May 9, 2013

Washington D.C. Area Cutting Public Services and Eying Tax Increases to Deal with Budget Shortfalls But Still Giving Raises to Public Sector Employees

Fairfax only local county not giving workers a raise

March 17, 2013 

Washington Examiner - Communities across the Washington area are cutting services and eyeing tax increases to deal with budget shortfalls they face next year, but only Fairfax County says it won't have the money to give its employees a raise.

County Executive Ed Long said he couldn't fund pay increases next year, in part because of "the combination of anemic revenue growth and increasing requirements for services" that would've left the county with a $169 million hole in its 2014 budget -- a shortfall expected to grow to $274 million in 2015.  

The county's 12,000 employees did receive a raise last year that cost the county $50 million.

But other local leaders in Virginia and Maryland are not following Long's lead. Arlington County and Alexandria in Virginia and Prince George's and Montgomery counties in Maryland have built pay raises into their 2014 budgets.
"We're asking our employees to do a lot," said Thomas Himler, Prince George's County Executive Rushern Baker's budget chief. "We're offering something positive on the wage adjustment -- we should still net an increase."
Baker last week offered a budget proposal that provides about $18 million for raises, enough to give each of the county's 6,000 workers about a 3.5 percent raise, but the county executive also announced that each employee will have to take five unpaid furlough days next year.
  • Arlington is taking away a paid holiday -- Columbus Day -- and eliminating 46 positions, but officials there have dedicated about $3.6 million to raises for the county's 3,500 workers. 
  • Alexandria budgeted about the same amount for its 2,500-person workforce, though any increase for city employees will be tempered by higher health care and pension costs. 
  • Montgomery County Executive Ike Leggett proposed pay increases for county employees totaling nearly $32 million, which includes a 13.5 percent increase for more than 5,000 county union workers. It's the first pay increase most workers have seen in four years.
But Fairfax's top administrator opted to avoid many of the service cuts other jurisdictions made to fund the pay hikes. Under Long's proposal, Fairfax workers would not face any unpaid furloughs, see their health benefits spike or lose paid holidays.

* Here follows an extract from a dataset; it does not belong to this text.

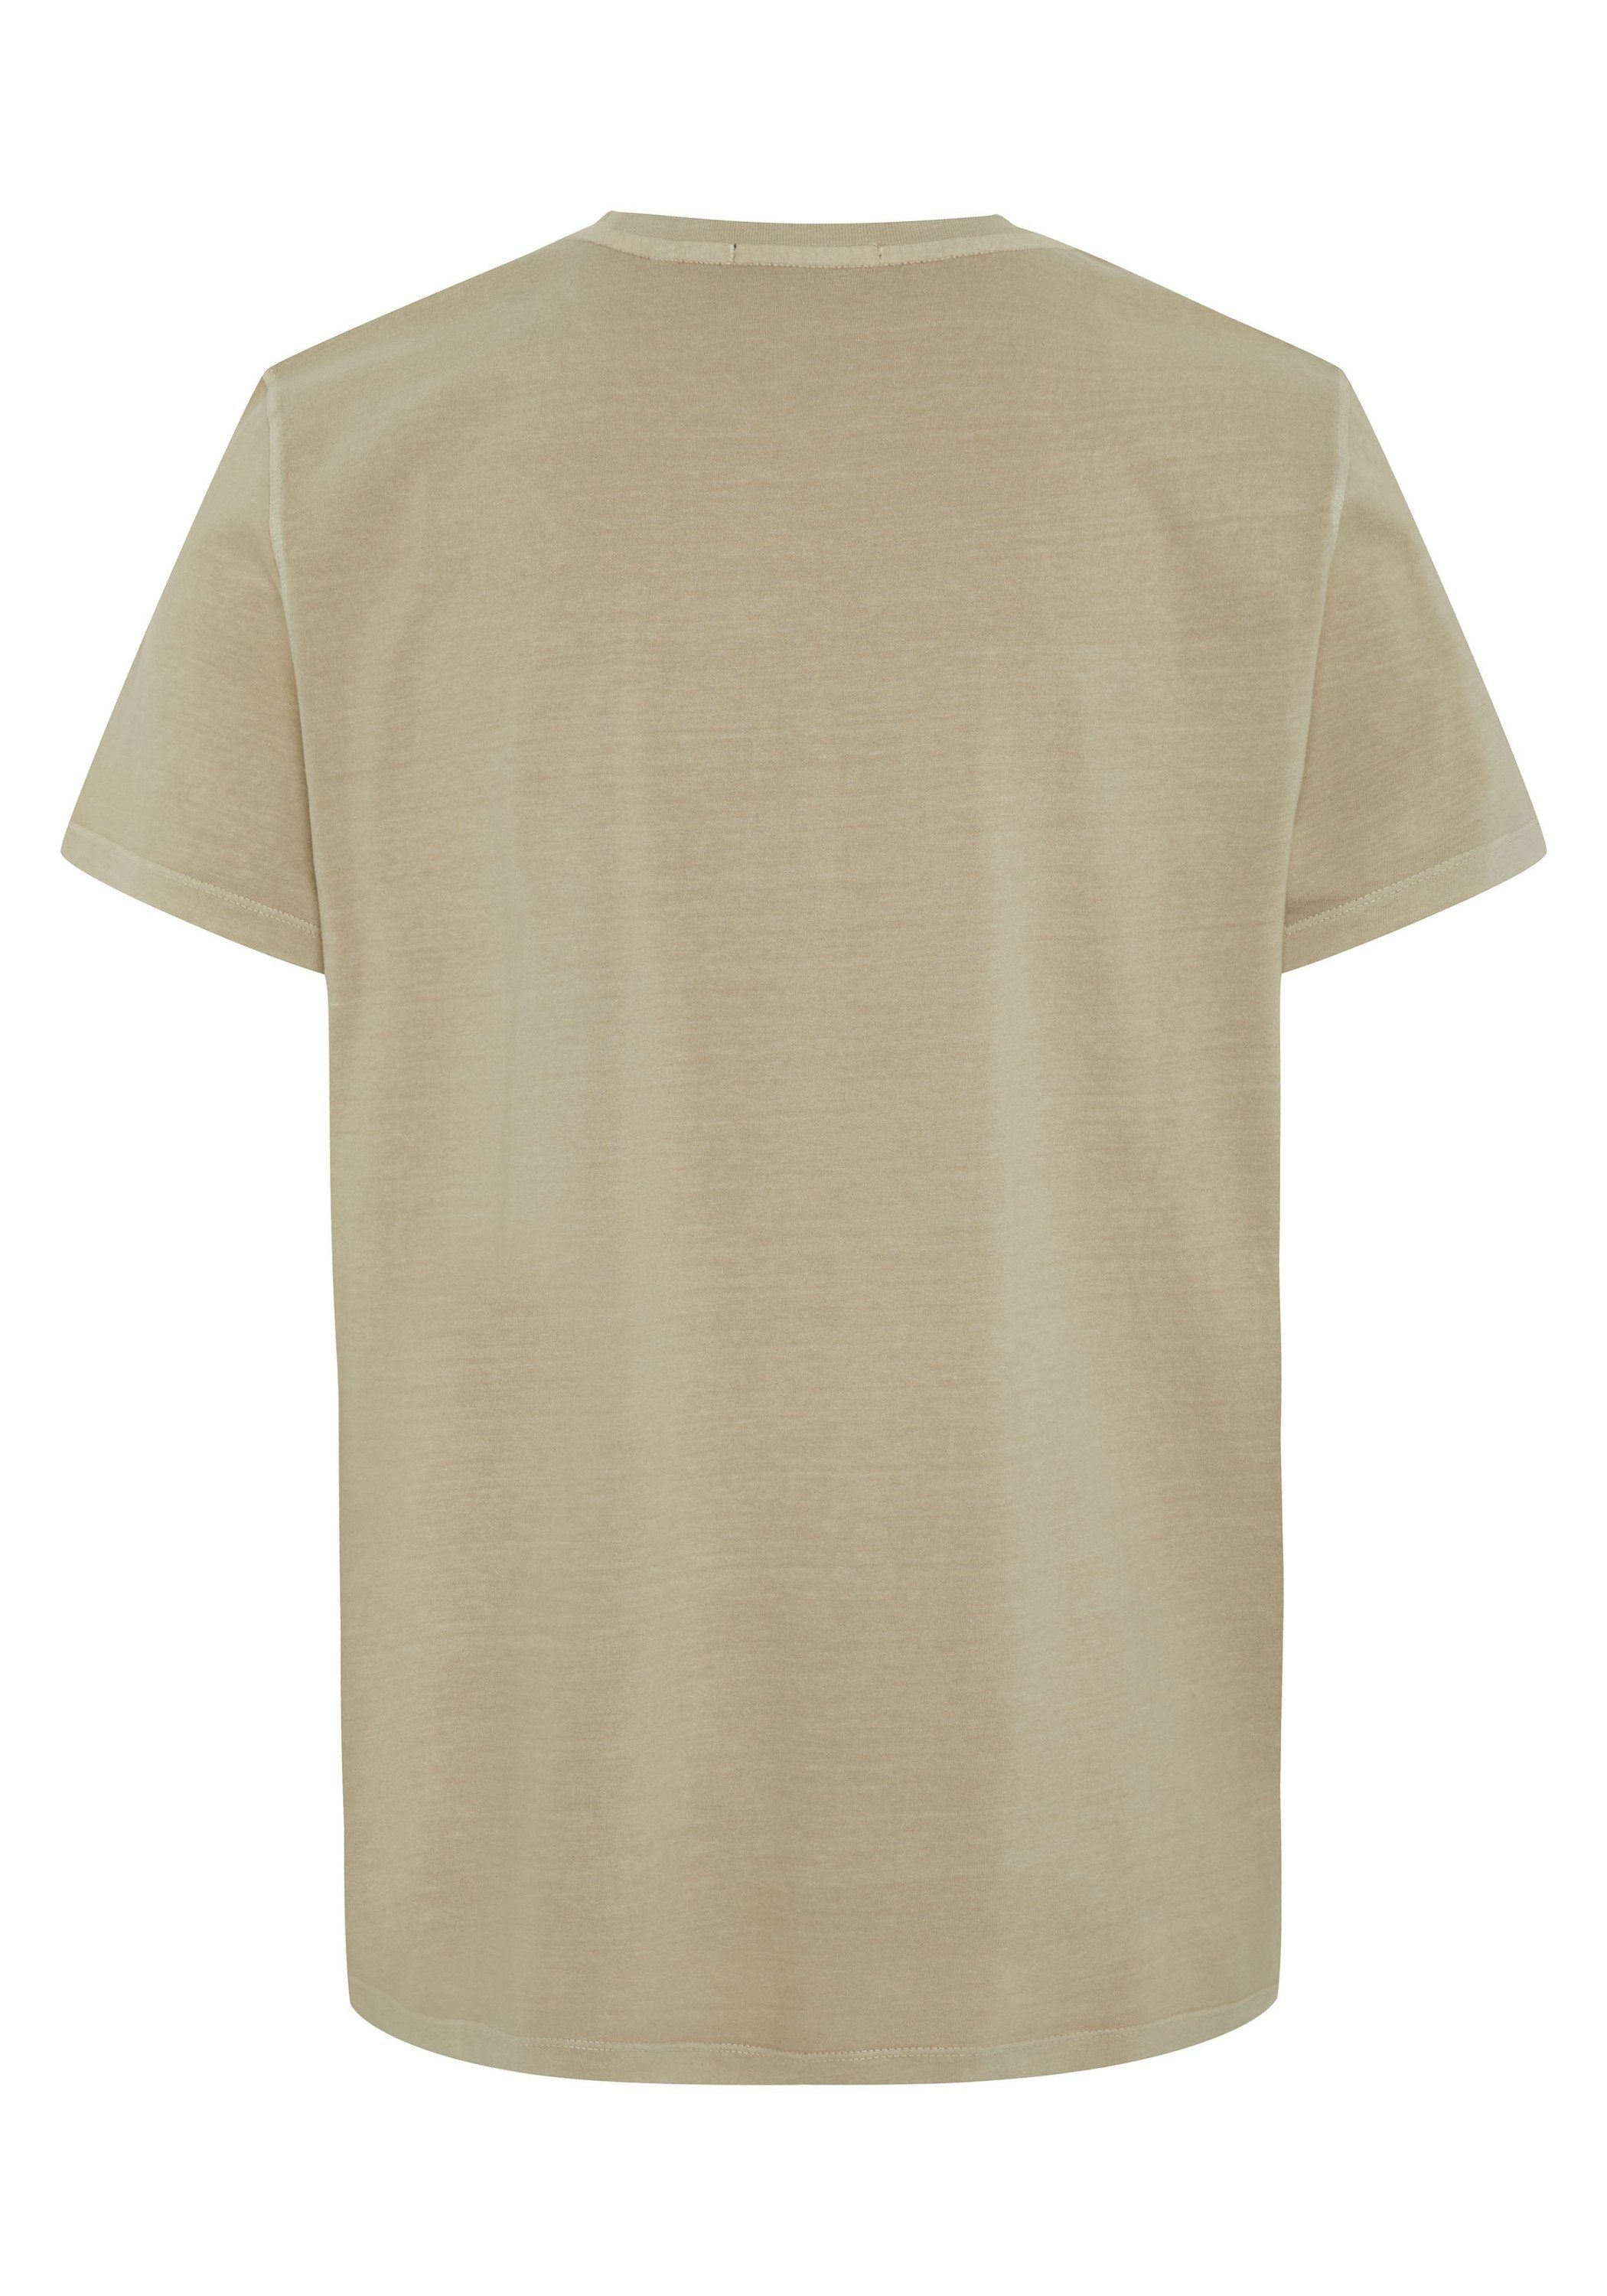 Tan T-Shirt 15-1306 1 aus Oxford Print-Shirt Baumwolljersey Chiemsee

Long also proposed a massive overhaul of Fairfax's payroll system that could ultimately reduce future pay increases. Workers are now eligible for cost-of-living raises and performance raises each year, but Long is proposing giving cost-of-living increases only in odd-numbered years and performance raises only in even-numbered years.

Fairfax hasn't ruled out an employee pay raise for next year, said Supervisor Pat Herrity, R-Springfield. But the County Board of Supervisors is now examining agency budgets looking for cuts and plans to use any savings it find to reduce or eliminate the 2-cent property tax increase that Long proposed. Supervisors would consider raises only after they resolve the tax issue, Herrity said.
"It's important not to let us fall behind," said Paula Woodrum, president of the Fairfax County Government Employees Union. "We're working to get there."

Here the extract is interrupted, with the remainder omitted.